Common is often synonymous with unthinking. Understandably so when you look at the most vocal proponents of the status quo; the [hated] Daily Mail and it's readers is an example which rushed to the forefront of my mind. One also cannot neglect to mention the culture of the 'lad' and the associated press of lads' mags, the page three girl and football related sponsorship and advertising. In short, we glance at a culture which evolves without moving forward and grows via the insidious ooze of repetition and we feel we know it, absolutely. The moment we see the dragon for what it is, we believe we have seen the route to slaying it; produce a counter-culture founded on the same principles of social interaction and familial structures but subvert each of these on the individual and group level. In short, we try to queer it.

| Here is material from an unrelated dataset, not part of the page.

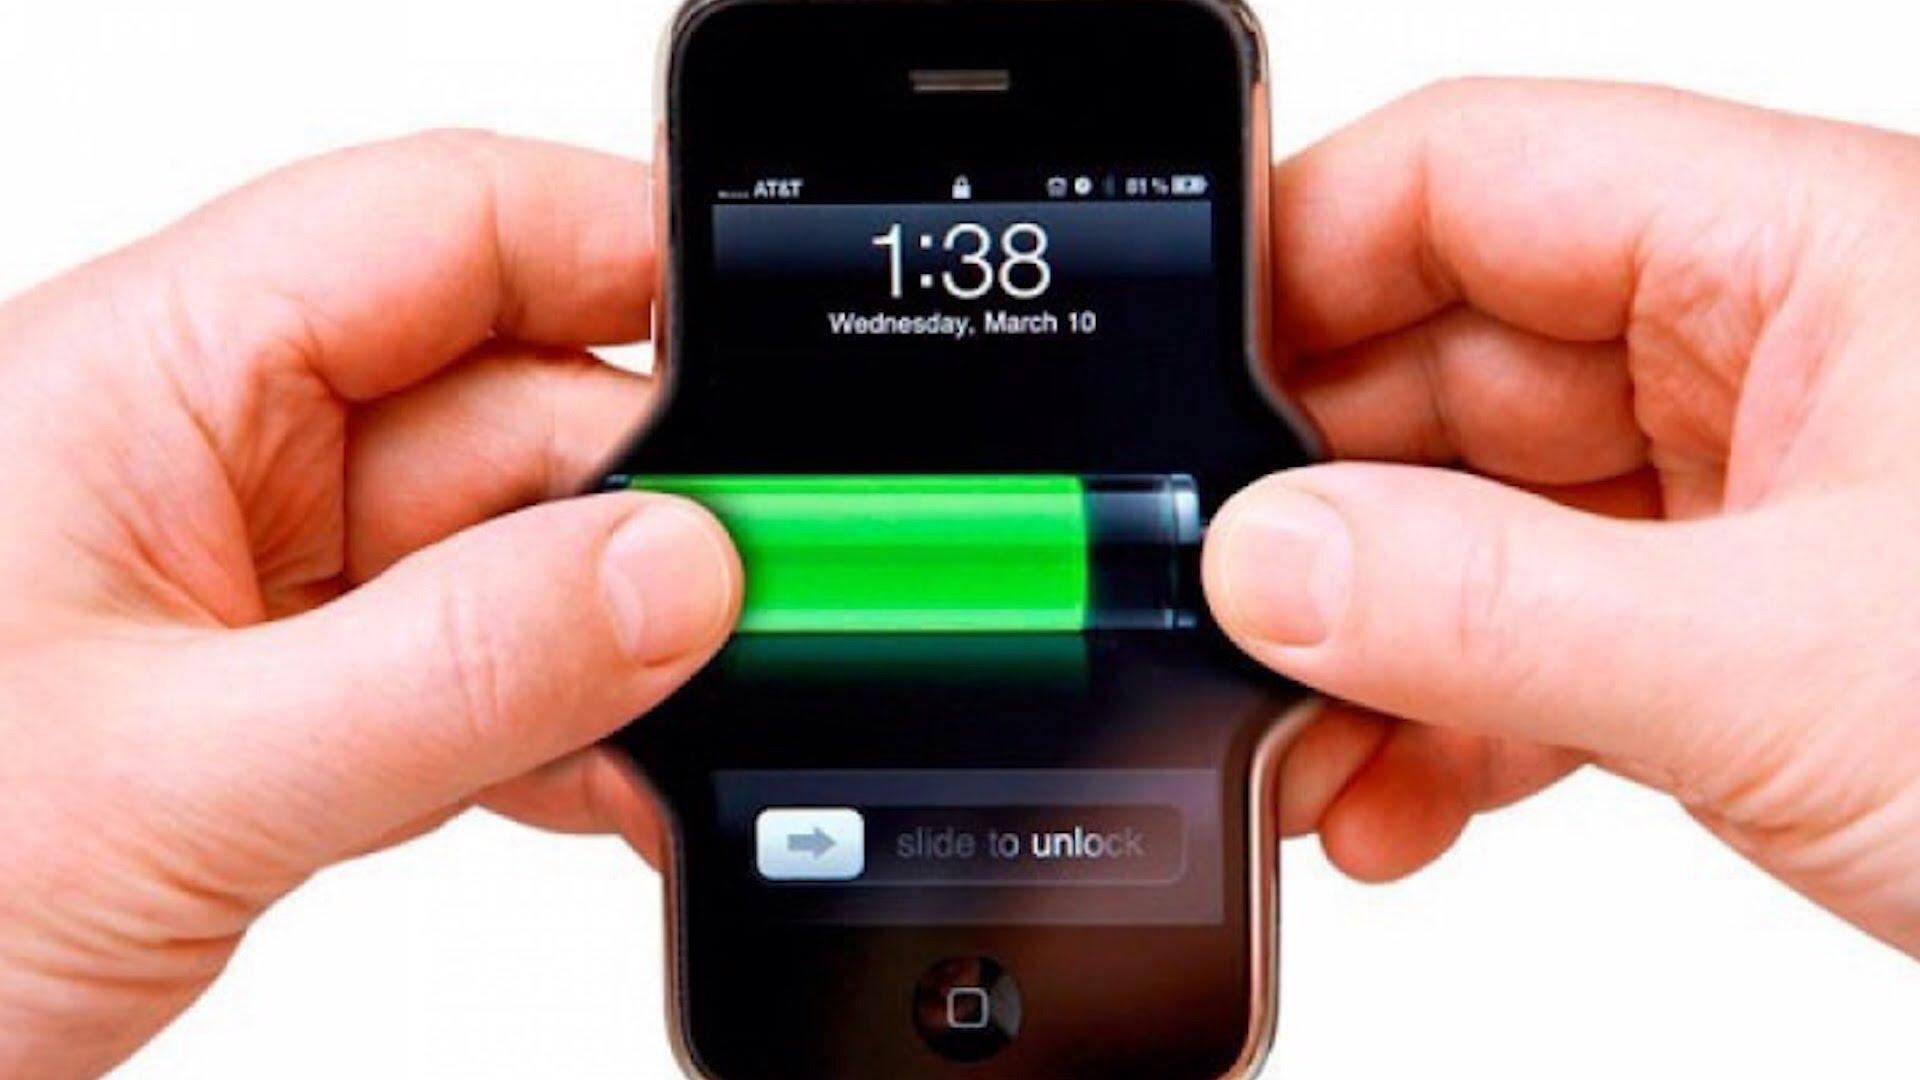 Top 5 Best Smartphones With Longest Battery Life

The logic behind this seems sound at first glance: why are heteronormative relationships and gender roles so common? Because the model of heteronormative relationships and gender are baked right into our culture and society, they are numerous, they are supported by every fibre of society. One of the most common, if not the most common narratives in our culture is boy meets girl. Boy meets girl. Not boy meets boy, not girl meets girl, not boy meets girl and they then meet another girl. Not any other permutation.

The effect of this narrative on the individual level is shocking when you pause and look at your own life. At the moments of uncertainty, the moments when you feel like a social retard and cling onto whatever model of social interaction you can find, you will most likely find that model is a heteronormative one. Years and years of repetition mean that heteronormativity is not just common, it just *is*. We do it because....because we do it. Heteronormativity is self legitimating; if we follow those rules things will work out. Recently, when I found myself single and entering intimate relationships with men for the first time in 6 years I reverted to what I knew; there exists, in my head and I'm sure yours, a complex list of dos and donts for interactions with the opposite sex. We may reject them, we may belittle and ridicule them, but we can all identify and perhaps describe some cardinal rules for romantic interaction. They are there, baked right in.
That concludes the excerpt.